== WHAT THE TASK REQUIRES ==
Transcribe the listing in full, word for word; pictures do not belong in the copy.

== SUPPLIED DATA ==
▽

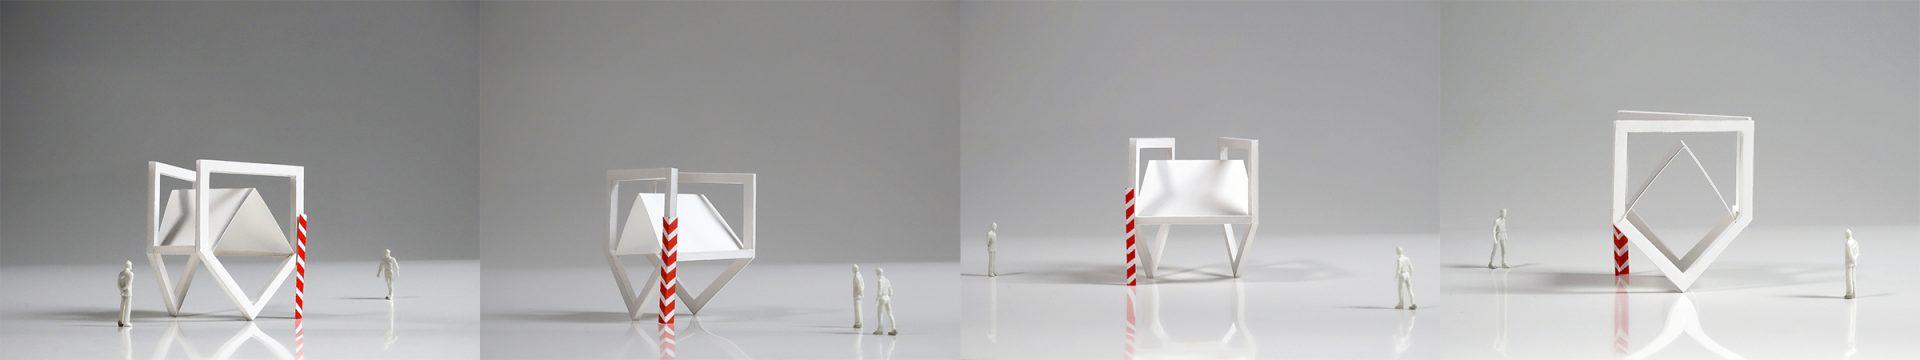 Thierry Ferreira , arte, art, escultura, Sculpture, arquitetura, architecture, arte contemporânea, contemporary art, projecto, projet, project
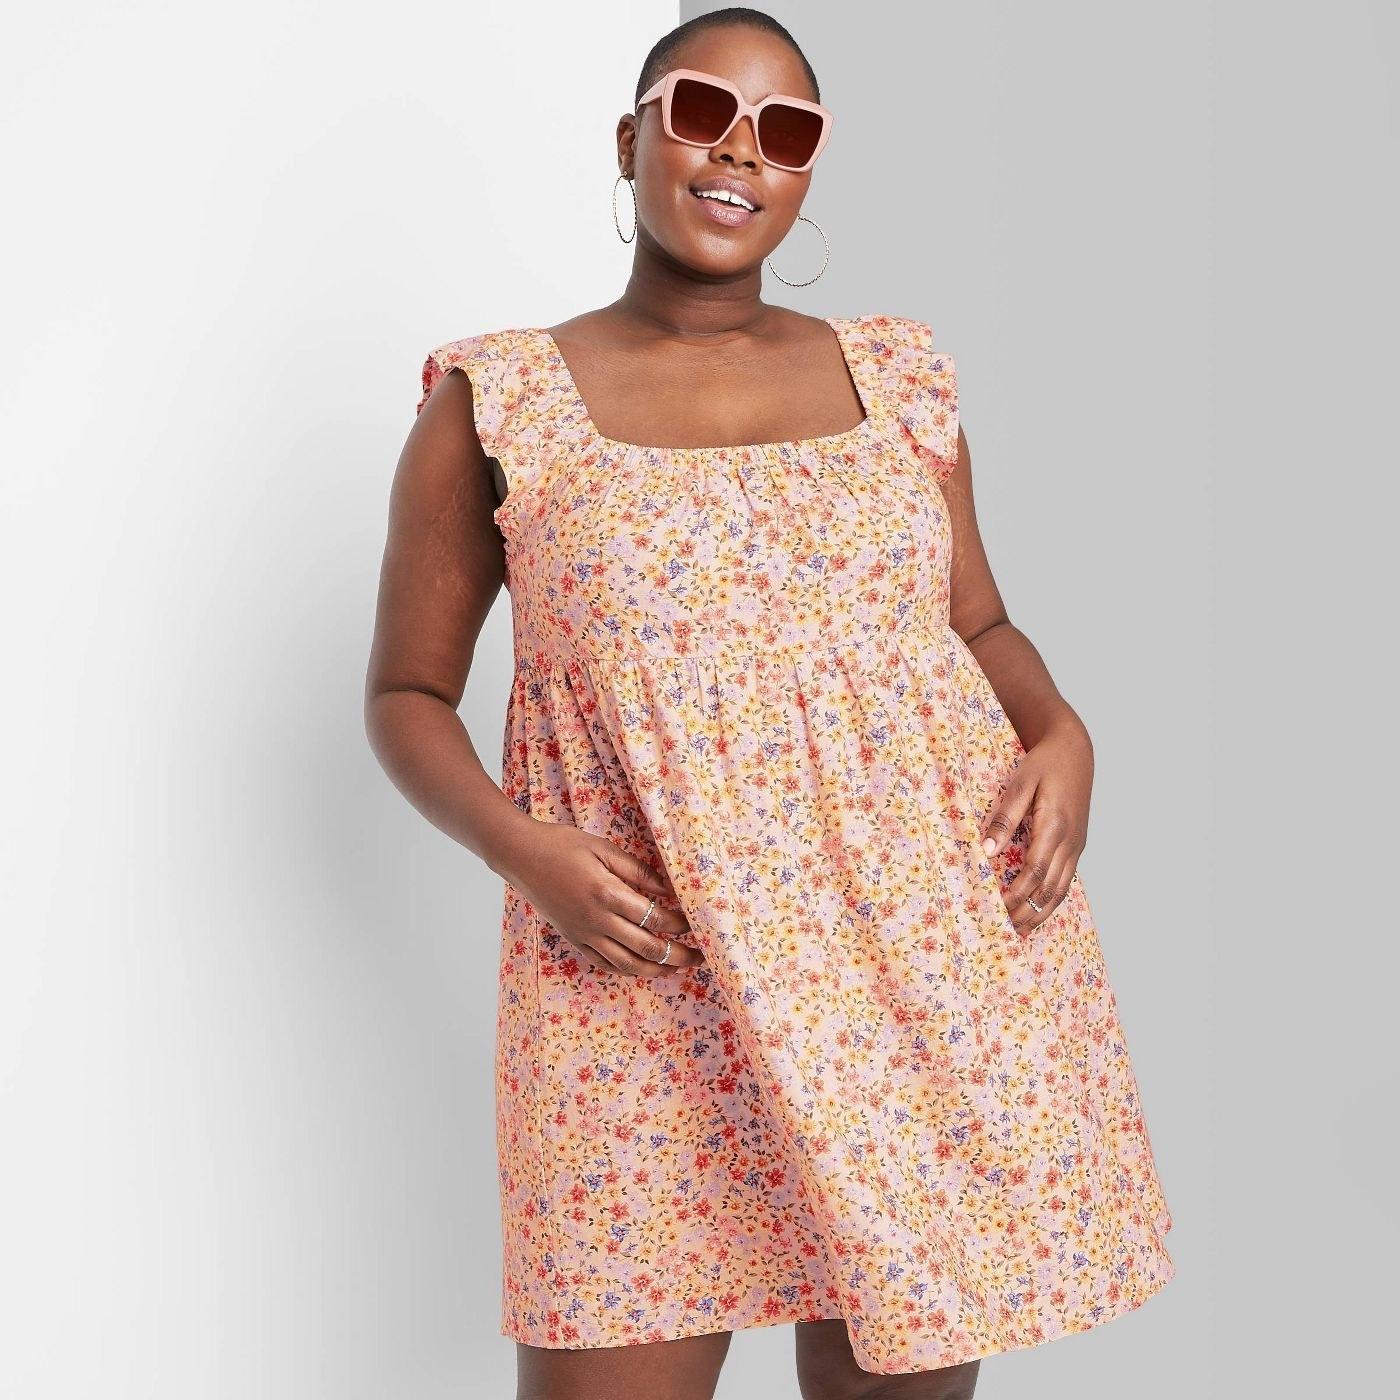 Model wearing orange mini dress with floral print
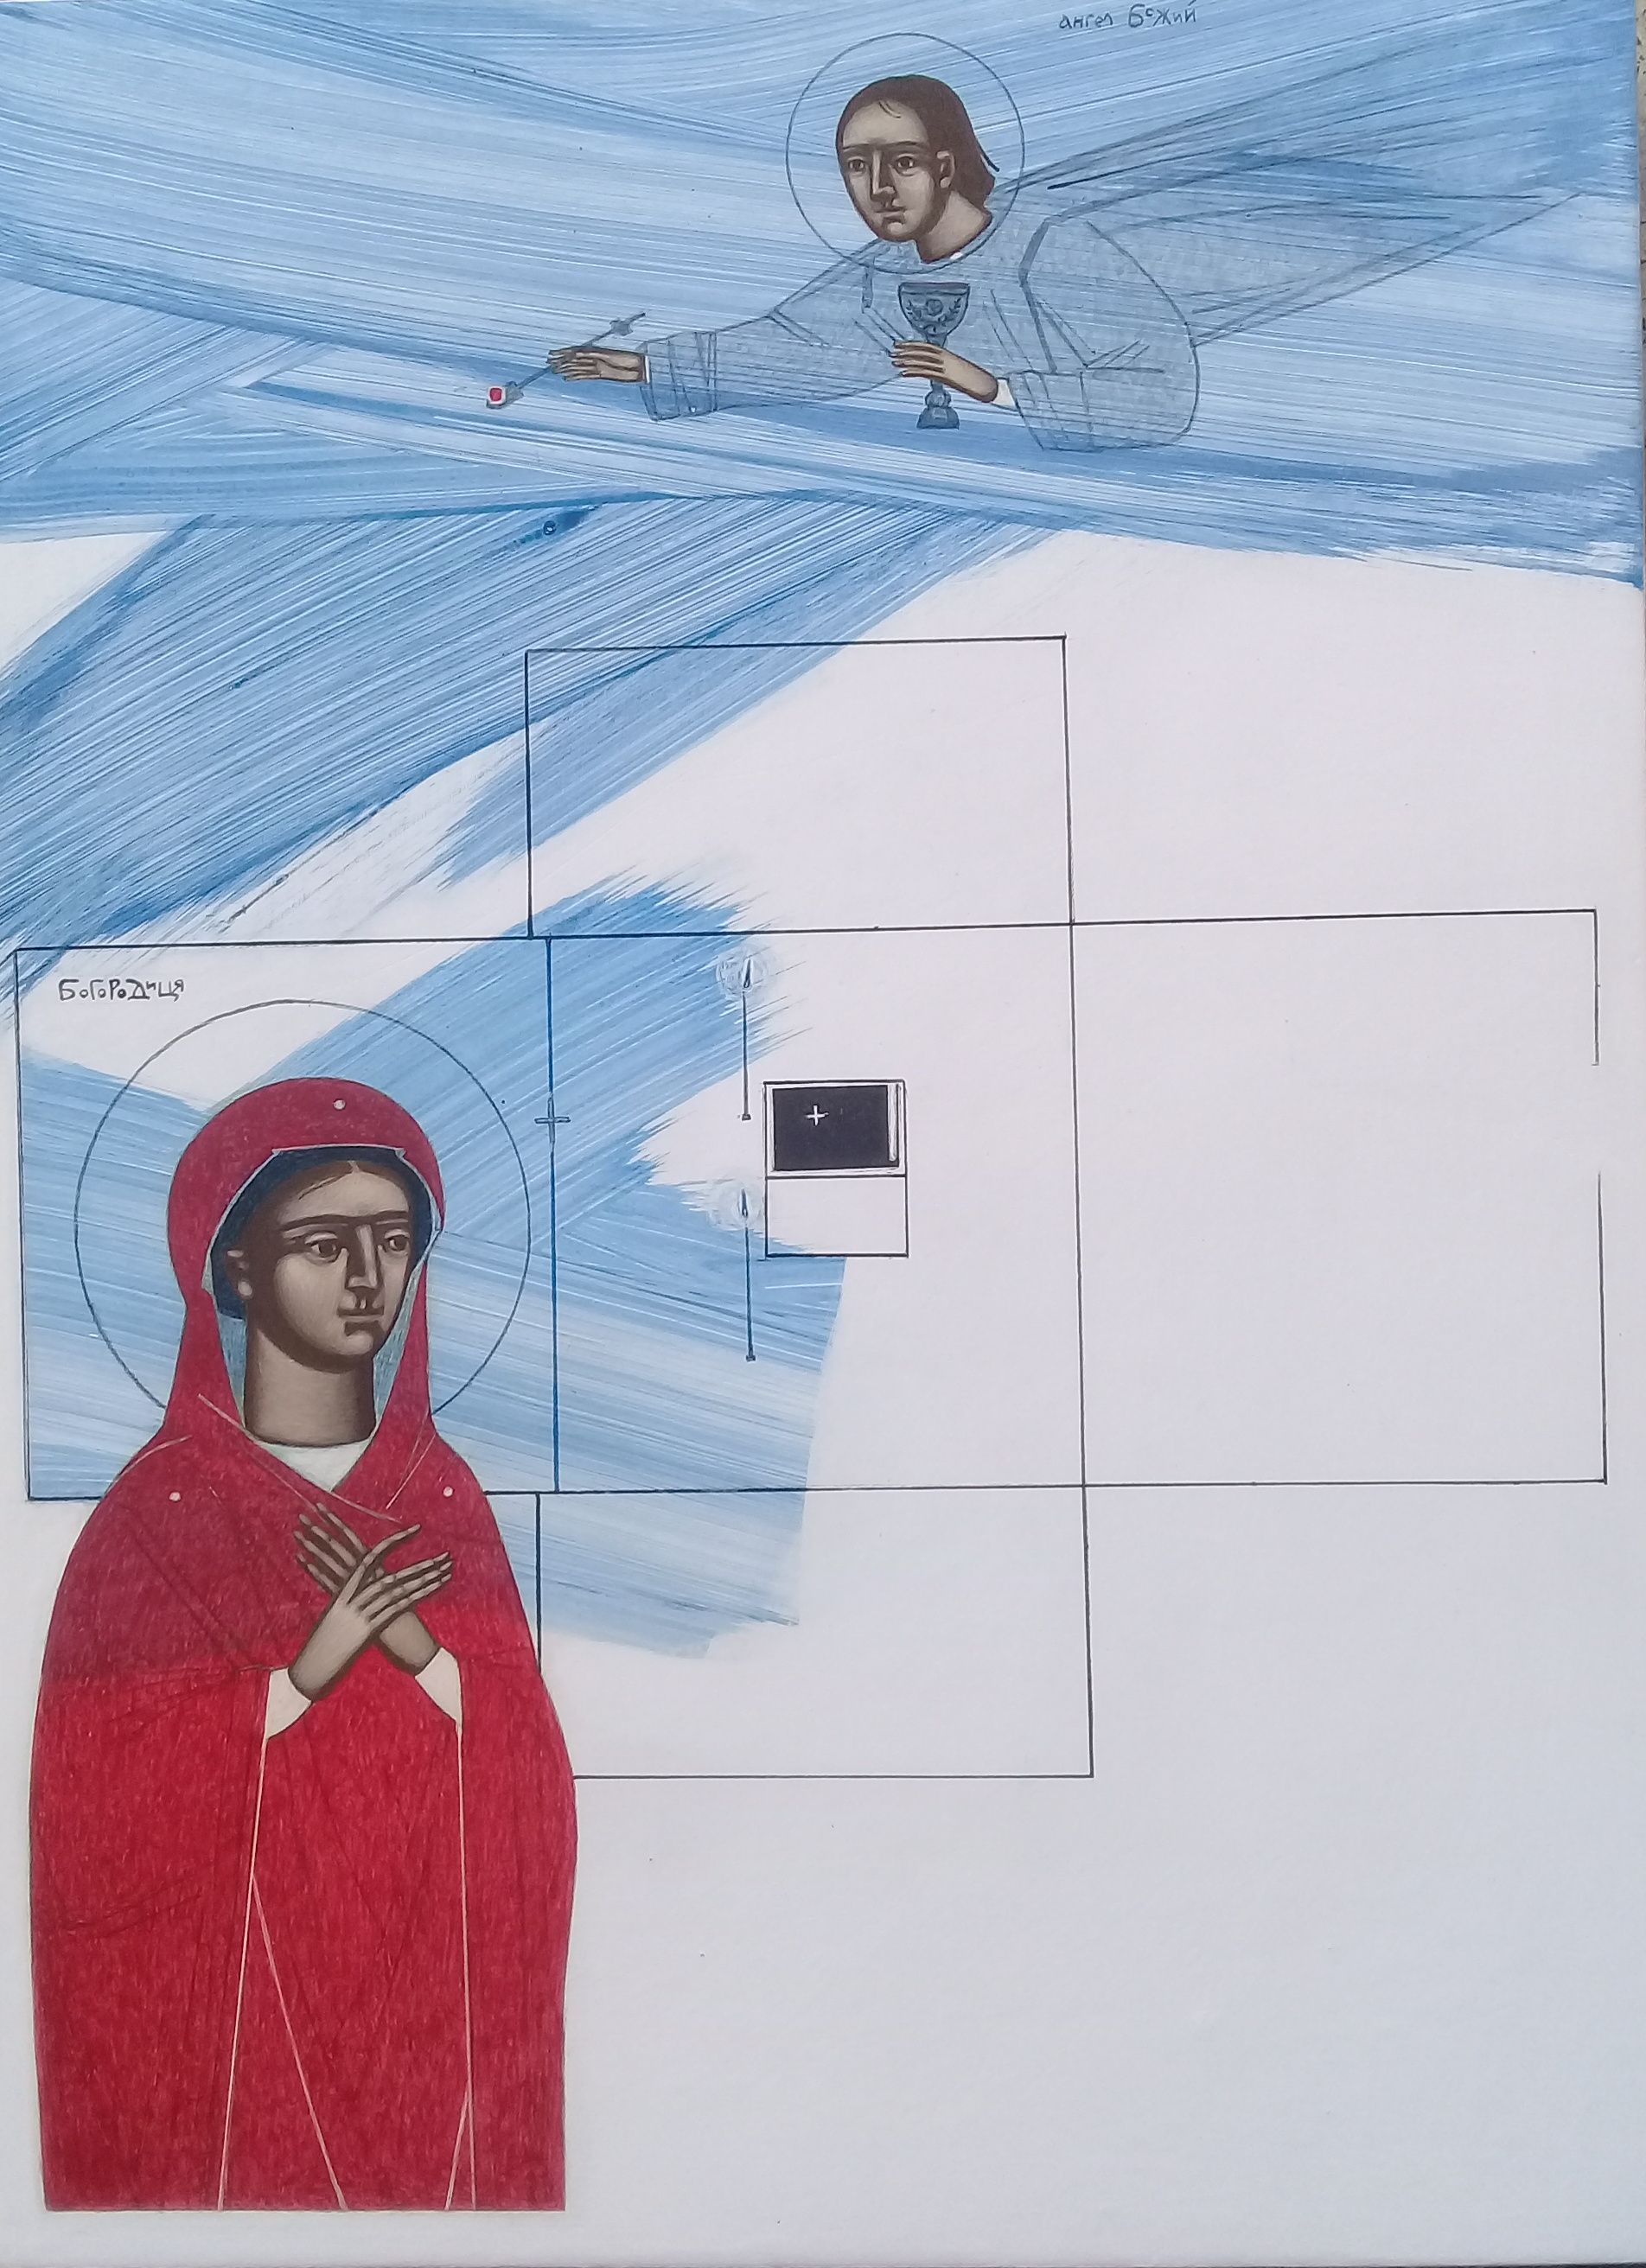 Катерина Кузів. Кивот Святий, 2020; дошка, левкас, жовткова темпера, 40х30

△

== EXPECTED ANSWER ==
 Thierry Ferreira , arte, art, escultura, Sculpture, arquitetura, architecture, arte contemporânea, contemporary art, projecto, projet, project
 Model wearing orange mini dress with floral print
 Катерина Кузів. Кивот Святий, 2020; дошка, левкас, жовткова темпера, 40х30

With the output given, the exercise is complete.